Bid bonds are also used to guarantee that the applicant
(bidder) has the finances and capabilities to undertake
the contract. Unsuccessful bidders will have their
guarantees returned while those bidders winning the
contract will see their bid bond expire upon issuance of a
performance bond.
Performance bond
Requested upon winning the contract, a performance
bond guarantees the performance of the applicant under
the contract from beginning to end. The bank issuing the
guarantee undertakes to pay a certain sum of money to
the beneficiary should the applicant default and not
comply with their contractual obligations.
Retention bond
A type of performance bond that guarantees
reimbursement of payment and correction of defects
after a contractual obligation (i.e., job or project) has
been completed and full pay
Maintenance / Warranty bond
This helps protect the beneficiary from a defect or
malfunction after the project has been completed. This
guarantee is generally valid till the end of the warranty
period stipulated in the contract between the two parties.
Customs and tax deferment guarantee
Importers are allowed to defer paying import duty and
import tax by establishing an account with the local tax
authorities if they importer issues a guarantee to the
local tax authorities. This tax deferment guarantee is
generally valid for long periods of time or until it has been
cancelled and returned by the authorities.
Shipping guarantee
This indemnifies a shipping company (beneficiary)
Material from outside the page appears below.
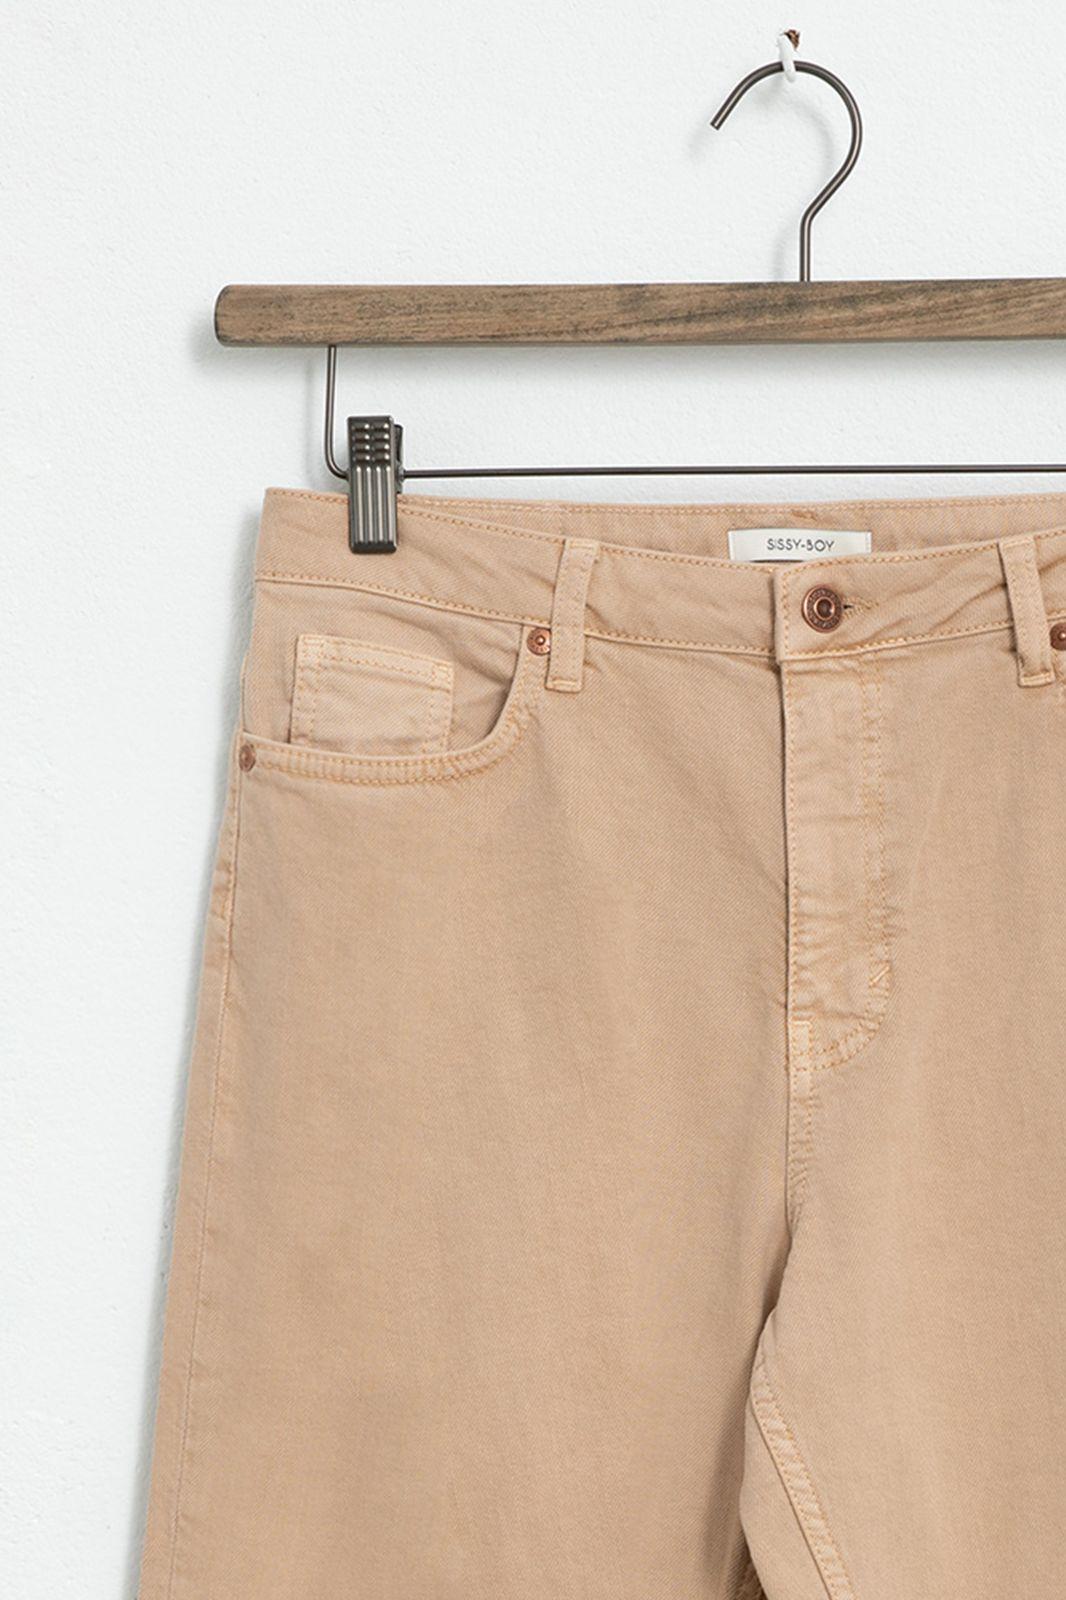 Beige high waist 5-pocket jeans

against any liability when imported goods are released to
a particular consignee (applicant) without access to title
documents such as the bill of lading. The indemnity
covers the cost of goods as well as freight, legal and
other costs. The shipping guarantee will remain in force
until the original bill of lading has been provided to the
guarantor or otherwise cancelled by the beneficiary.
Airway release
Similar to the shipping guarantee, airway releases allow
for the release of cargo or goods received by a freight
forwarder at the airport on behalf of a consignee. Unlike
shipping guarantees, airway releases may be cancelled
upon providing proof of payment of the import invoice.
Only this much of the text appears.